Research Paper Volume 16, Issue 9 pp 8070—8085

KLF4 inhibited the senescence-associated secretory phenotype in ox-LDL-treated endothelial cells via PDGFRA/NAMPT/mitochondrial ROS

Haoran Ding1, *, , Jing Tong1, *, , Hao Lin1, , Fan Ping1, , Tongqing Yao1, , Zi Ye1, , Jiapeng Chu1, , Deqiang Yuan1, , Kangwei Wang1, , Xuebo Liu1, , Fei Chen1, ,

  • 1 Department of Cardiology, Shanghai Tongji Hospital, School of Medicine, Tongji University, Shanghai 200092, China
* Equal contribution

Received: September 25, 2023       Accepted: April 4, 2024       Published: May 8, 2024      

https://doi.org/10.18632/aging.205805
How to Cite

Copyright: © 2024 Ding et al. This is an open access article distributed under the terms of the Creative Commons Attribution License (CC BY 4.0), which permits unrestricted use, distribution, and reproduction in any medium, provided the original author and source are credited.

Abstract

Background: Inflammation is one of the significant consequences of ox-LDL-induced endothelial cell (EC) dysfunction. The senescence-associated secretory phenotype (SASP) is a critical source of inflammation factors. However, the molecular mechanism by which the SASP is regulated in ECs under ox-LDL conditions remains unknown.
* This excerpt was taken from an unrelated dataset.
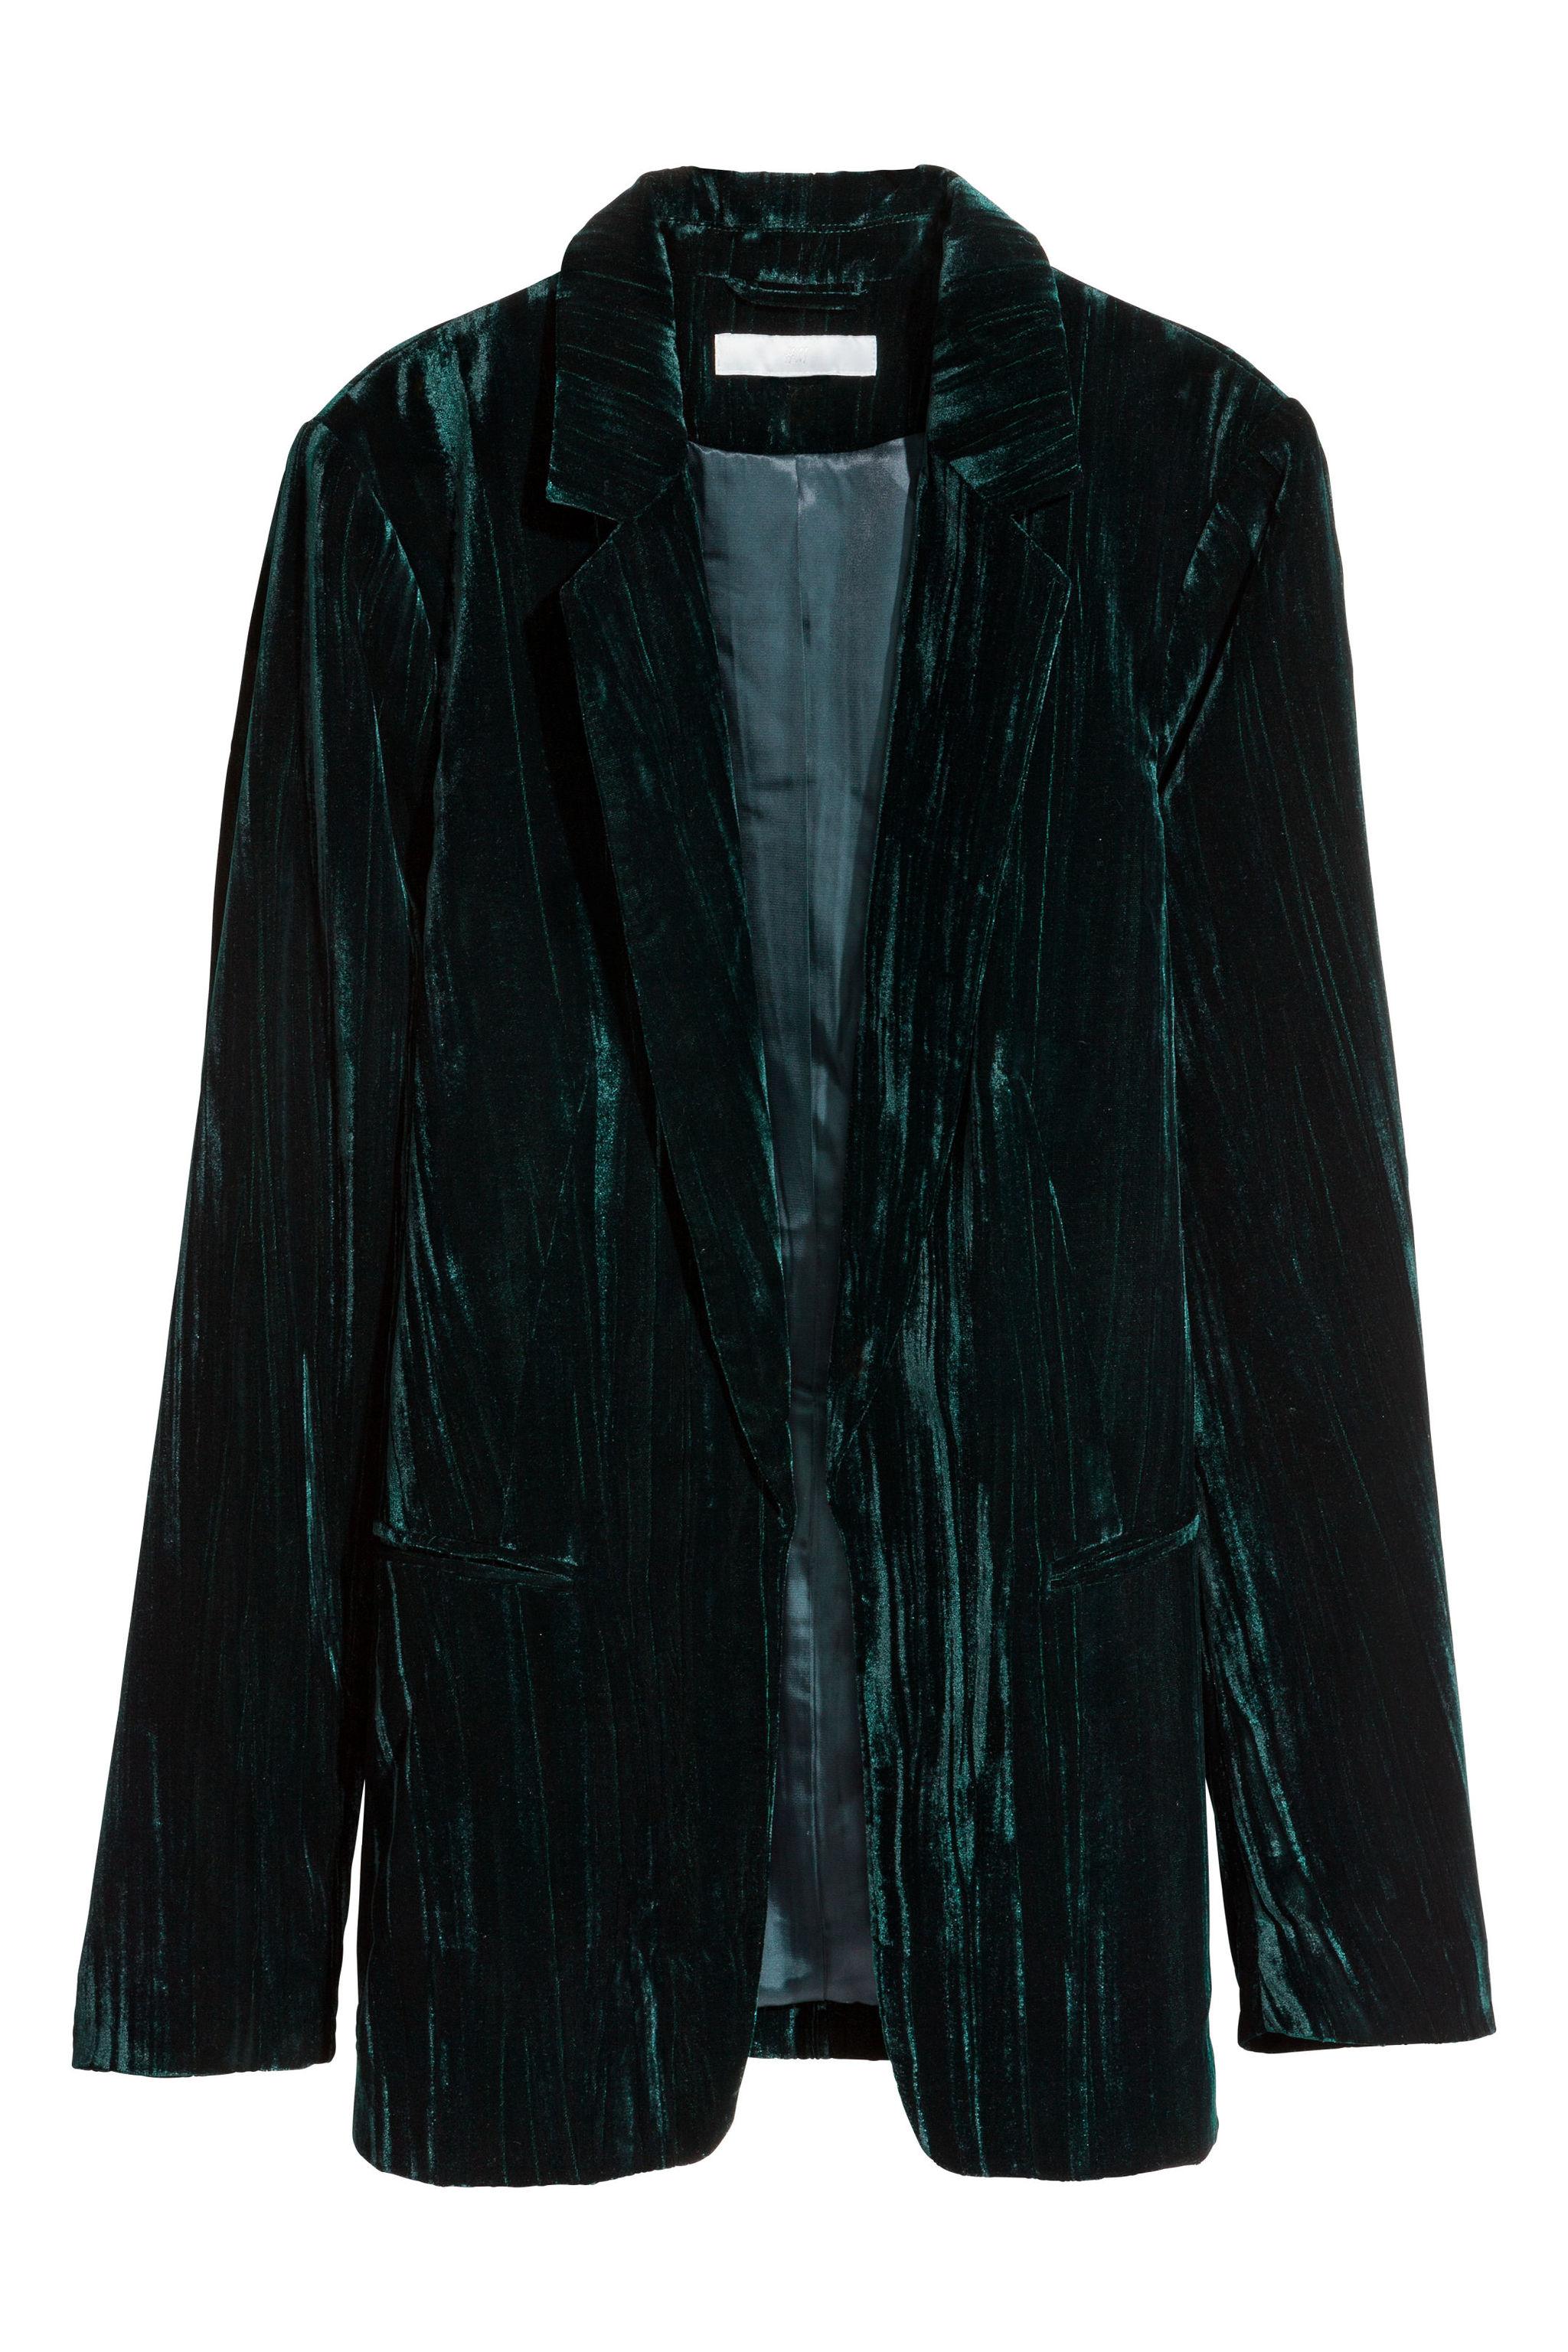 Blazer de terciopelo, de H&M (27,99 euros).
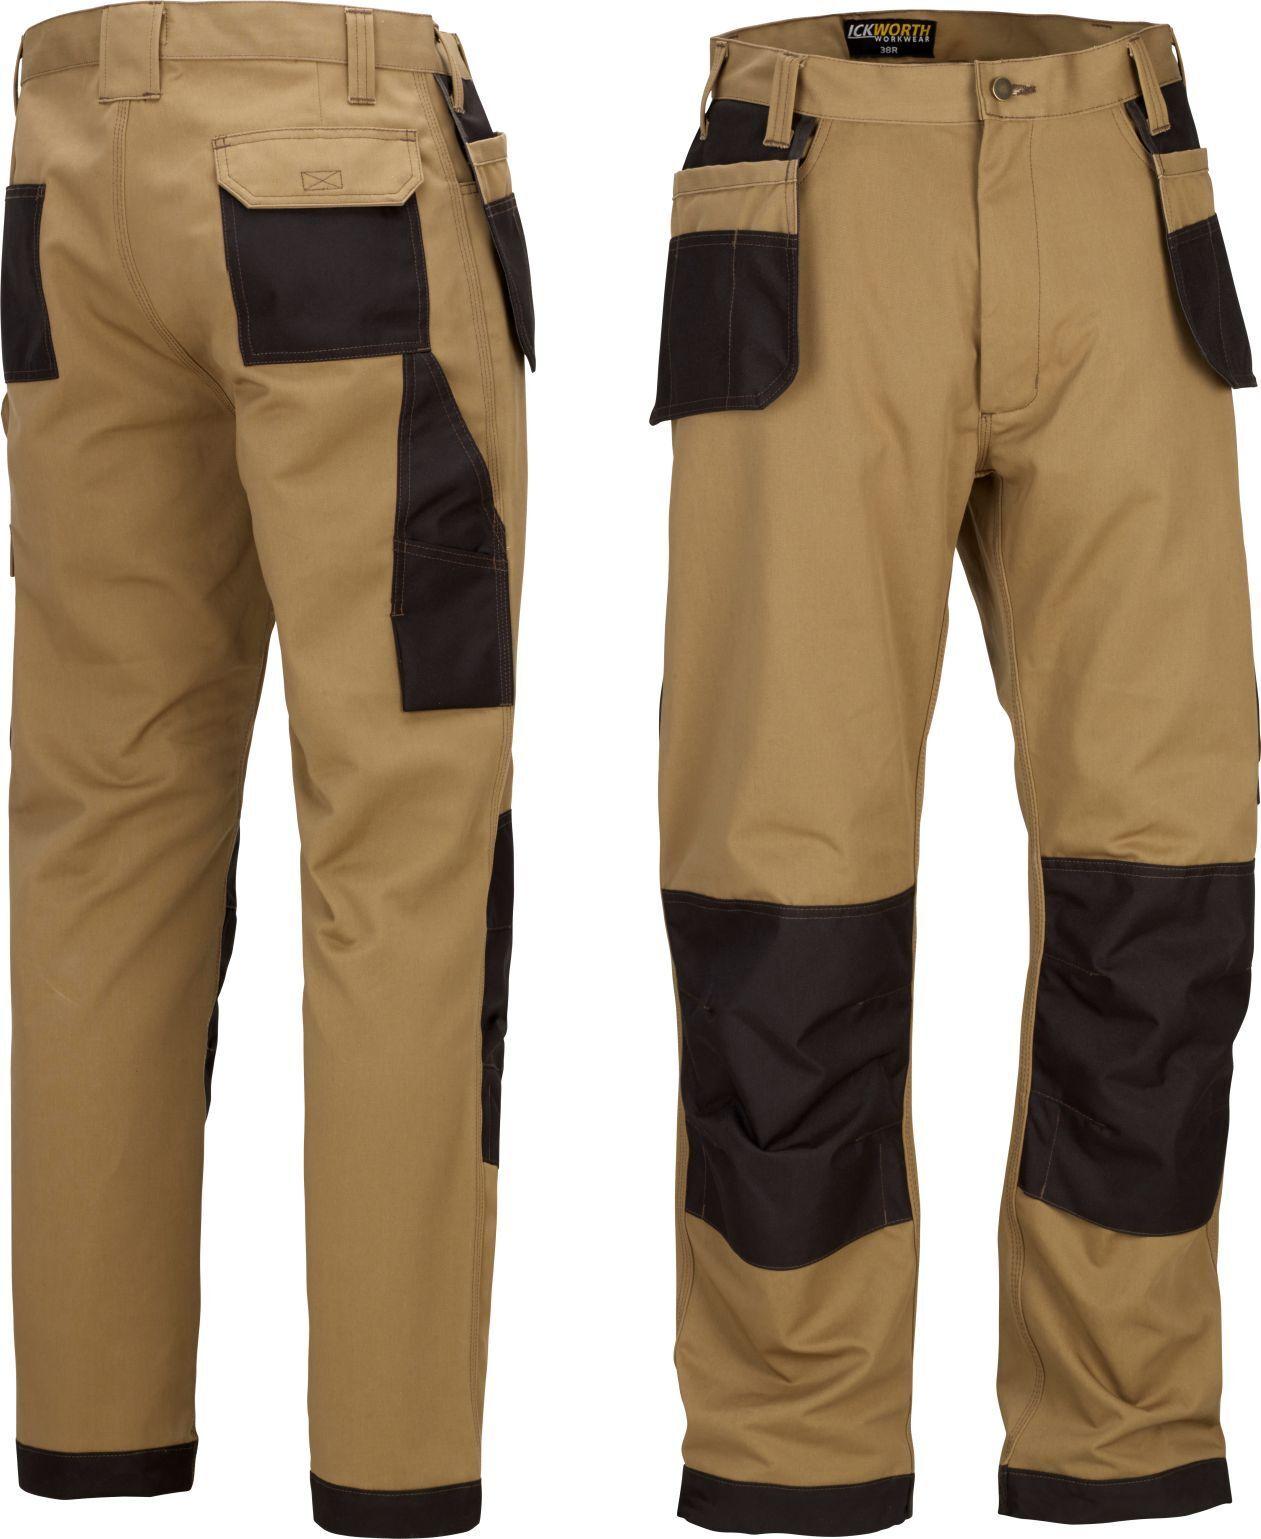 Heavy Duty Pro Pantalones de Trabajo con Rodillera /& Funda Varios Bolsillos Cargo Estilo

Results: The level of SASP was increased in ox-LDL-treated ECs, which could be augmented by KLF4 knockdown whereas restored by KLF4 knock-in. Furthermore, we found that KLF4 directly promoted PDGFRA transcription and confirmed the central role of the NAPMT/mitochondrial ROS pathway in KLF4/PDGFRA-mediated inhibition of SASP. Animal experiments showed a higher SASP HFD-fed mice, compared with normal feed (ND)-fed mice, and the endothelium of EC-specific KLF4-/- mice exhibited a higher proportion of SA-β-gal-positive cells and lower PDGFRA/NAMPT expression.

Conclusions: Our results revealed that KLF4 inhibits the SASP of endothelial cells under ox-LDL conditions through the PDGFRA/NAMPT/mitochondrial ROS.

Methods: Ox-LDL-treated ECs and HFD-fed mice were used as endothelial senescence models in vitro and in vivo. SA-β-gal stain, detection of SAHF and the expression of inflammatory factors determined SASP and senescence of ECs. The direct interaction of KLF4 and PDGFRA promotor was analyzed by EMSA and fluorescent dual luciferase reporting analysis.

Abbreviations

KLF4: Krüppel-like factor 4; ox-LDL: Oxidized low density lipoprotein; PDGFRA: Platelet-derived growth factor receptor α; NAMPT: Nicotinamide phosphoribosyltransferase; ROS: Reactive oxygen species; SASP: Senescence-associated secretory phenotype; SA-β-gal: Senescence-associated β-galactosidase; SAHF: Senescence-associated heterochromatin aggregation; EC: Endothelial cell; IL-1: Interleukin 1; ICAM-1: Intracellular adhesion molecule 1; TNF-α: Tumor necrosis factor; MCP-1: Monocyte chemoattractant protein 1; TAD: Transactivation domain; MitoROS: Mitochondrial reactive oxygen species; NIH: National Institutes of Health; Adv: Adenoviruses; sh-RNA: Short hairpin RNA; HUVEC: Human umbilical vein endothelial cell; ECM: Endothelial cell media; IL-1β: Interleukin 1 beta; IL-6: Interleukin 6; IL-18: Interleukin 18; MMP9: Matrix metallopeptidase 9; TGF-β: Transforming growth factor beta 1; CXCR-2: C-X-C motif chemokine receptor 2; SDS-PAGE: Sodium dodecyl sulfate polyacrylamide gel electrophoresis; HRP: Horseradish peroxidase; EMSA: Electrophoretic mobility shift assay.